Mohaddeseh Zolfi

Personal information
- Full name: Mohaddeseh Zolfi
- Date of birth: January 16, 2005 (age 21)
- Place of birth: Tabriz, Iran
- Height: 1.68 m (5 ft 6 in)
- Position: Forward

Team information
- Current team: Ista Alborz
- Number: 6

Senior career*
- Years: Team / Apps / (Gls)
- 2022–2023: Malavan Bandar Anzali
- 2024–present: Ista Alborz

International career^{‡}
- 2019: Iran U15
- 2020–2021: Iran U17 /  / (2)
- 2022–present: Iran women's national football team / 5+ / (1)

= Mohaddeseh Zolfi =

Iranian association football player (born 2005)

Mohaddeseh Zolfi (born 16 January 2005 in Tabriz) is an Iranian footballer who plays as a forward for Ista Alborz and the Iran women's national football team.

== Playing career ==

She won the title with the Iran women's national under-15 team at the 2019 CAFA U-15 Girls Championship and was named the tournament's best player.

In 2021, she also performed successfully at the 2021 CAFA U-17 Women's Championship, where she was once again named the tournament's best player. The Iran women's national under-17 team finished as runners-up in the competition.

== Controversies ==

In 2026, following the Iran women's national team's participation in Australia, several international media outlets reported that a number of Iranian women's national team players had sought asylum. Mohaddeseh Zolfi was among the players mentioned in those reports.

Following the publication of these reports, several Iranian media outlets stated that she had returned to the Iran women's national team camp.
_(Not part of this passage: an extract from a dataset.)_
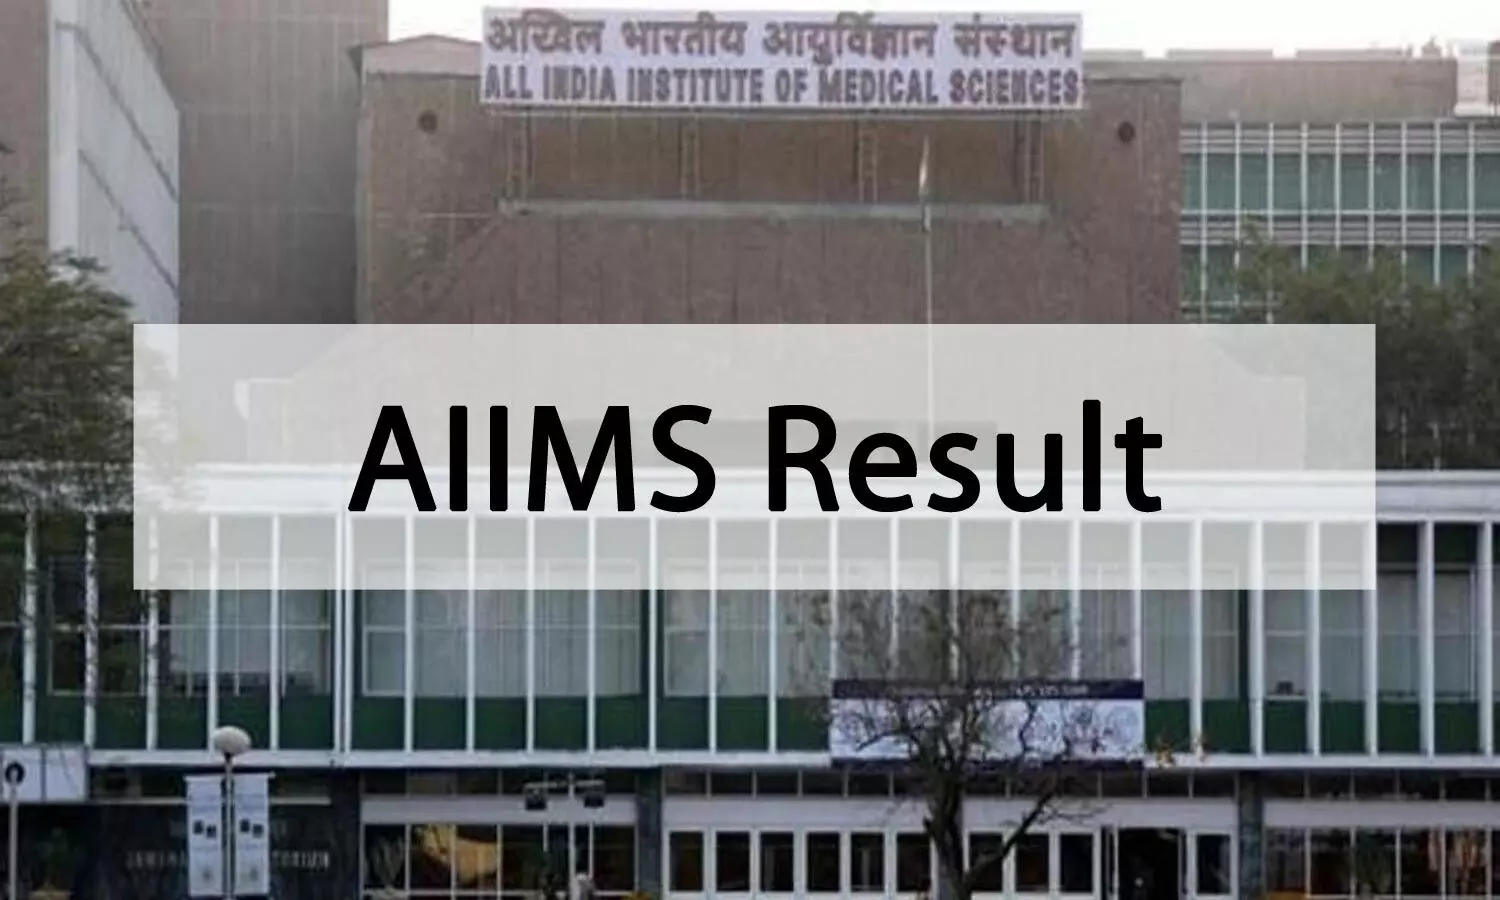 AIIMS releases results of 1st round counselling for BSc, Paramedical courses 2020

== International career ==

After progressing through Iran's youth national teams, Zolfi was called up to the senior Iran women's national football team and appeared in various international competitions, including the AFC Women's Asian Cup qualifiers, CAFA competitions, and official AFC tournaments.

During the qualification stage of the 2026 AFC Women's Asian Cup, she scored in Iran's match against Bhutan.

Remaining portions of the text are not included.